Exercise goal: Wherever the listing holds a picture, leave it out, and copy the remainder exactly.

Information supplied:
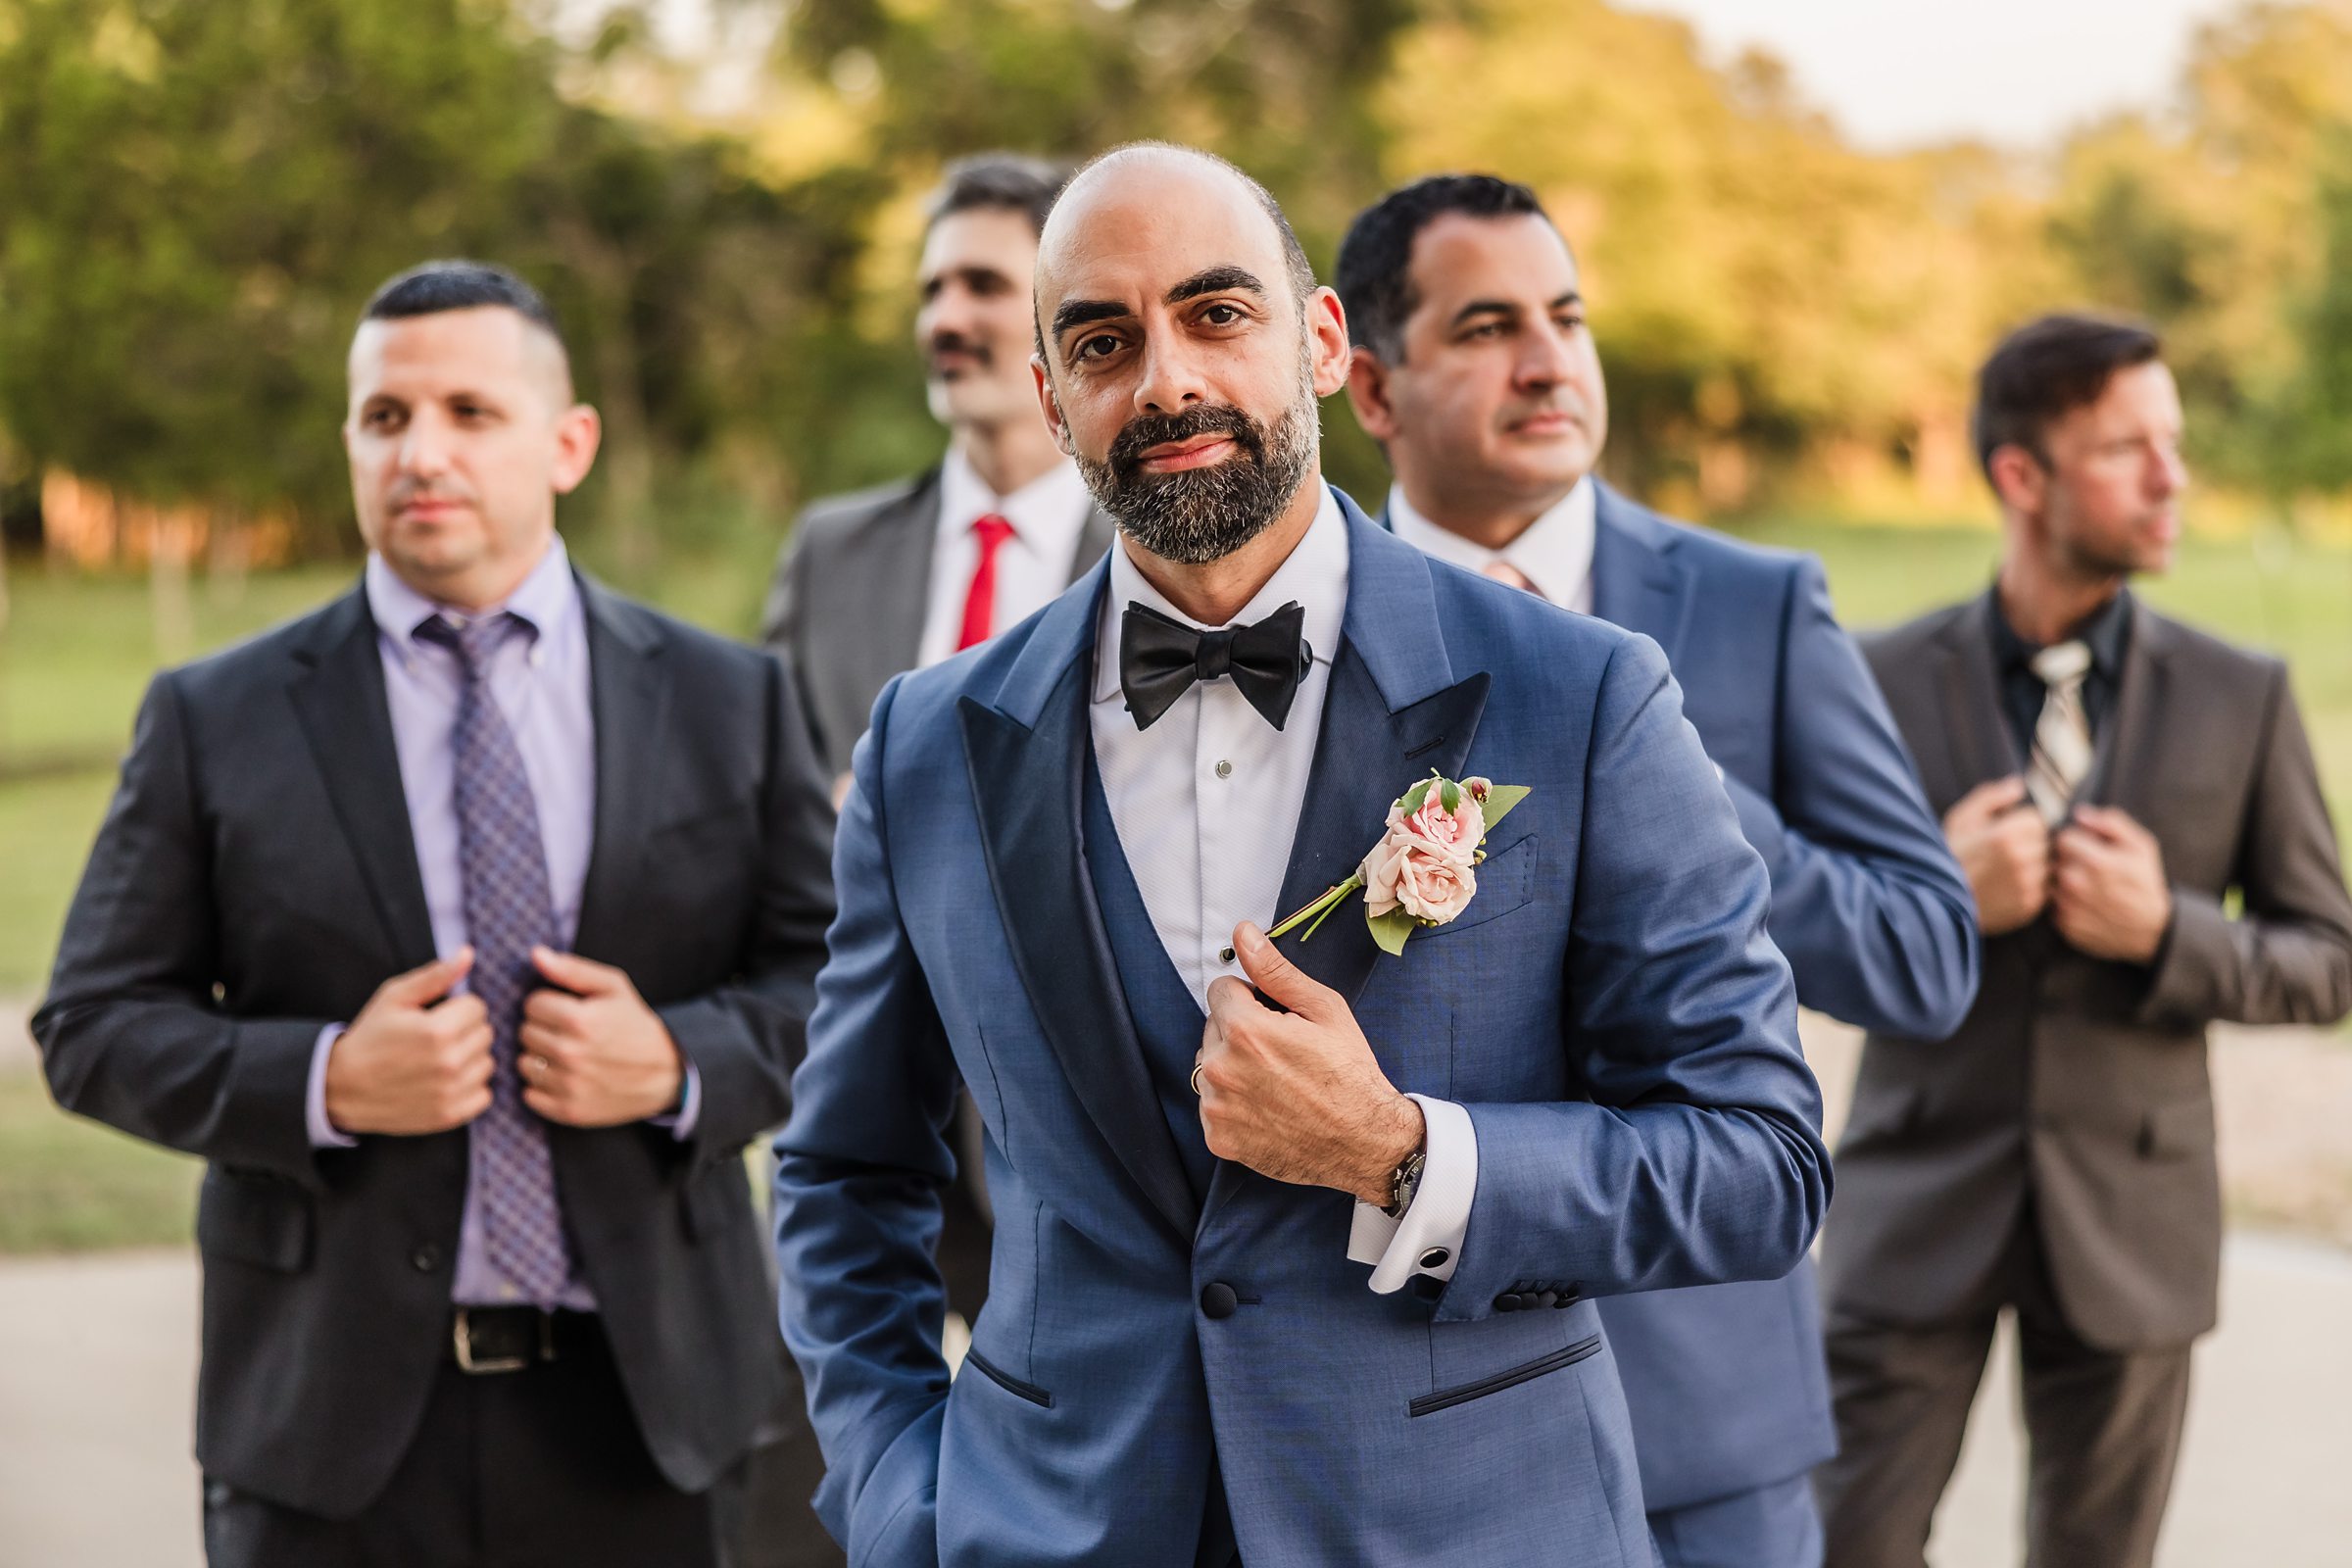 Groom and groomsmen during a wedding at Shiraz Garden in Bastrop, Texas.
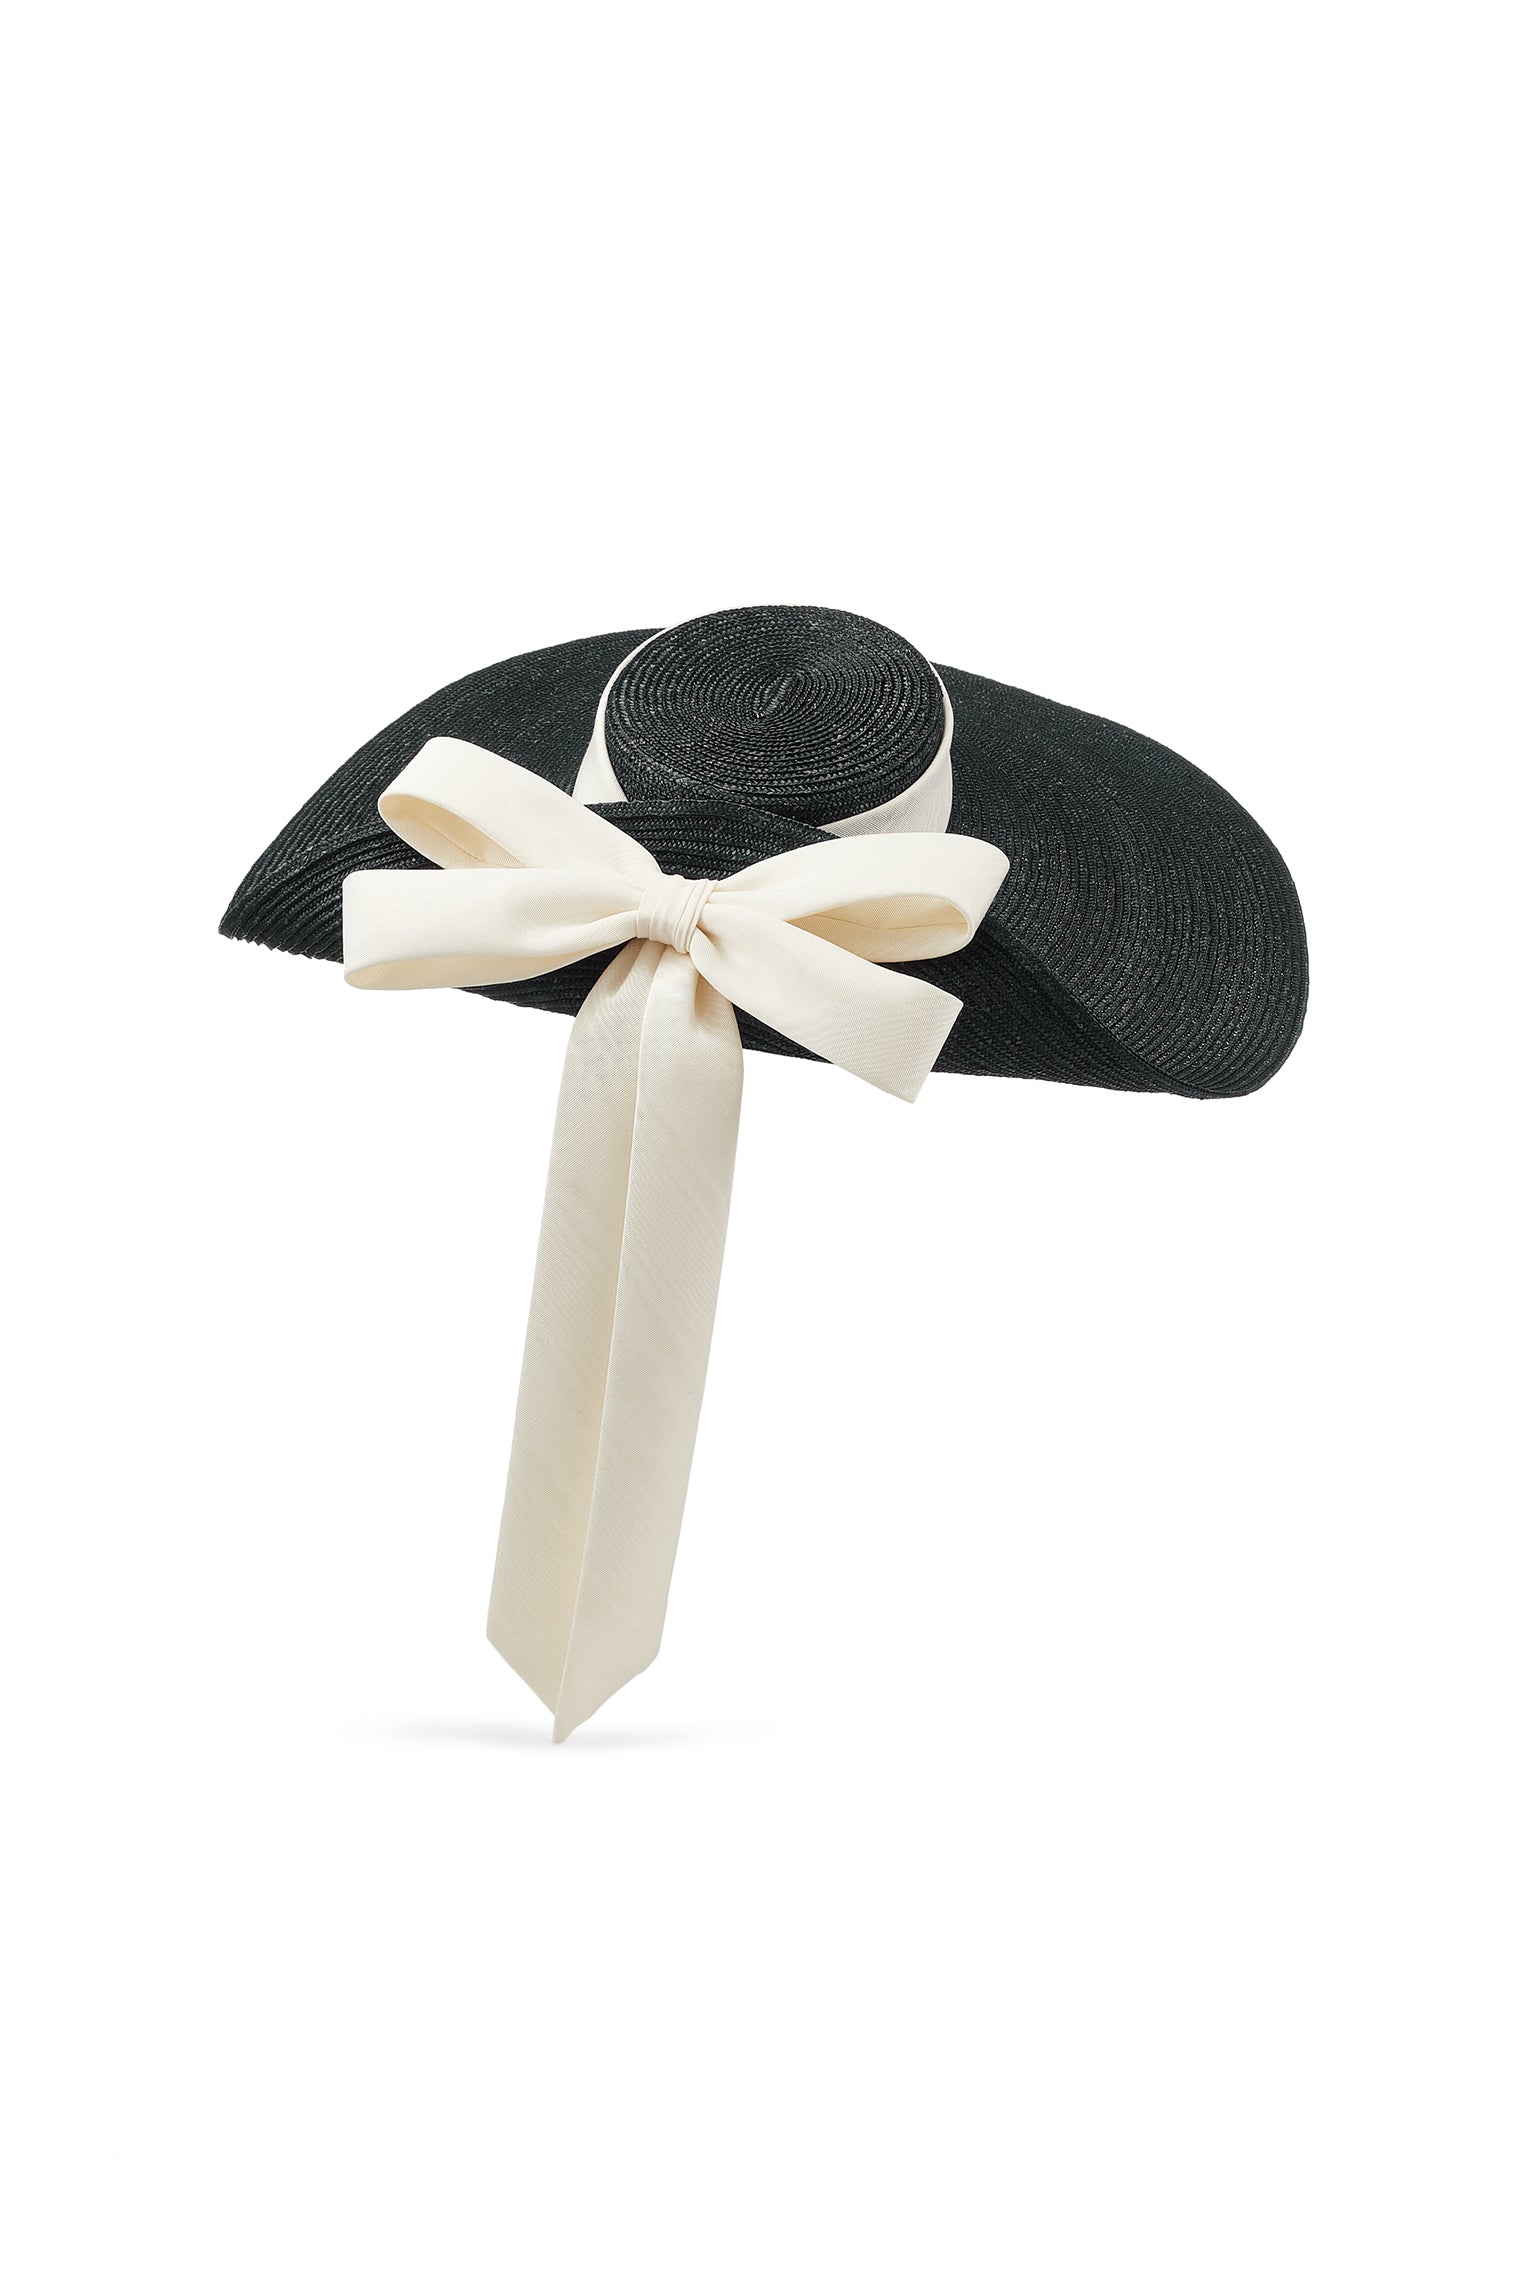 Lady Grey Black Wide Brim Hat - New Season Women's Hats - Lock & Co. Hatters London UK
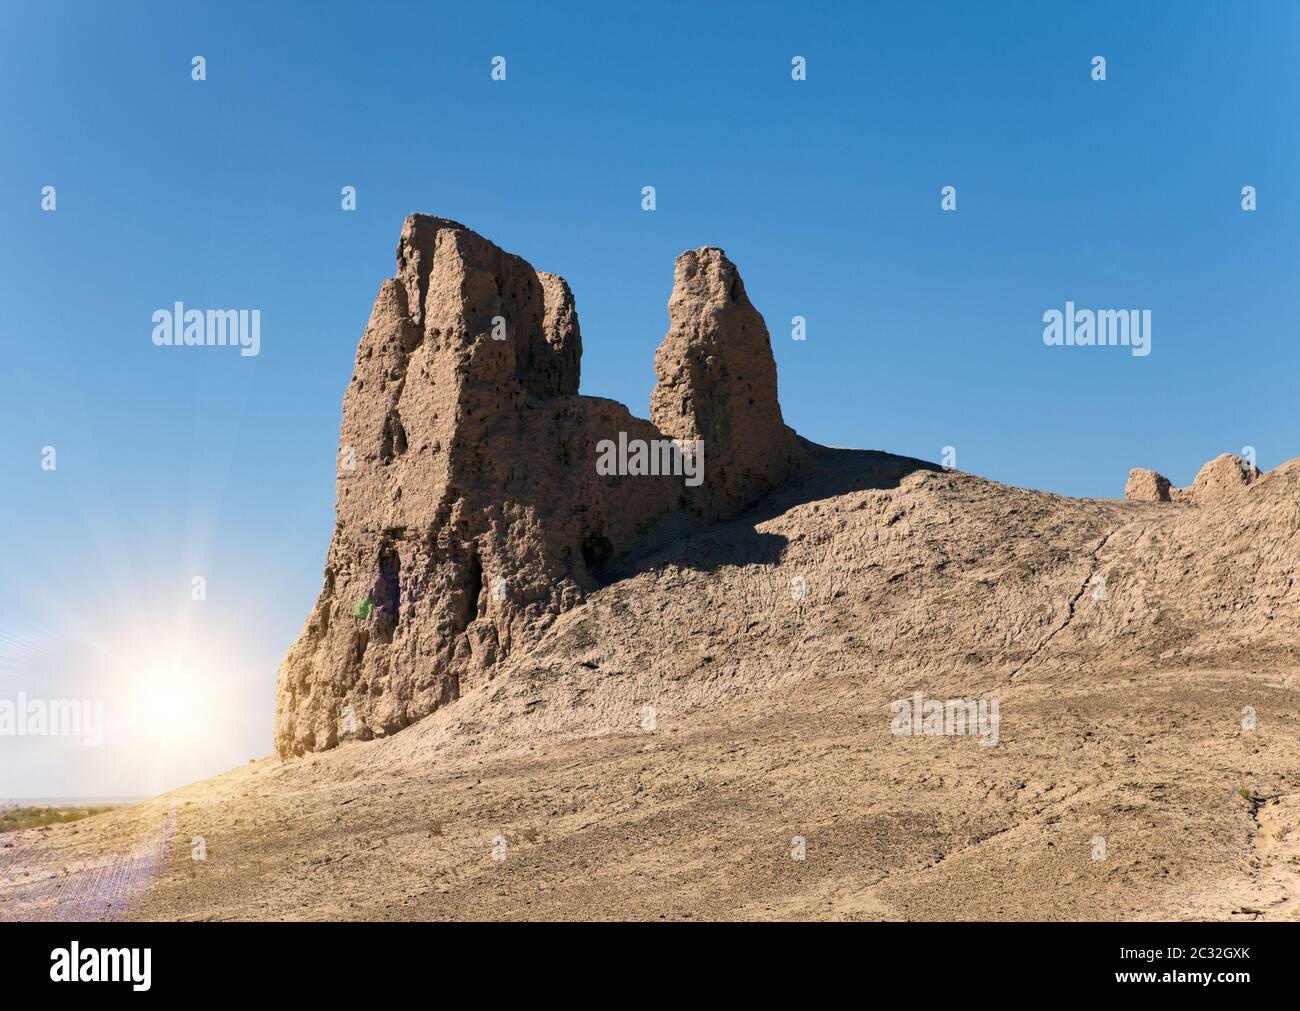 Des squelettes de l'enceinte de l'ancienne forteresse de Khorezm dans le désert. L'Ouzbékistan Banque D'Images

Exercise response:
 Groom and groomsmen during a wedding at Shiraz Garden in Bastrop, Texas.
 Lady Grey Black Wide Brim Hat - New Season Women's Hats - Lock & Co. Hatters London UK
 Des squelettes de l'enceinte de l'ancienne forteresse de Khorezm dans le désert. L'Ouzbékistan Banque D'Images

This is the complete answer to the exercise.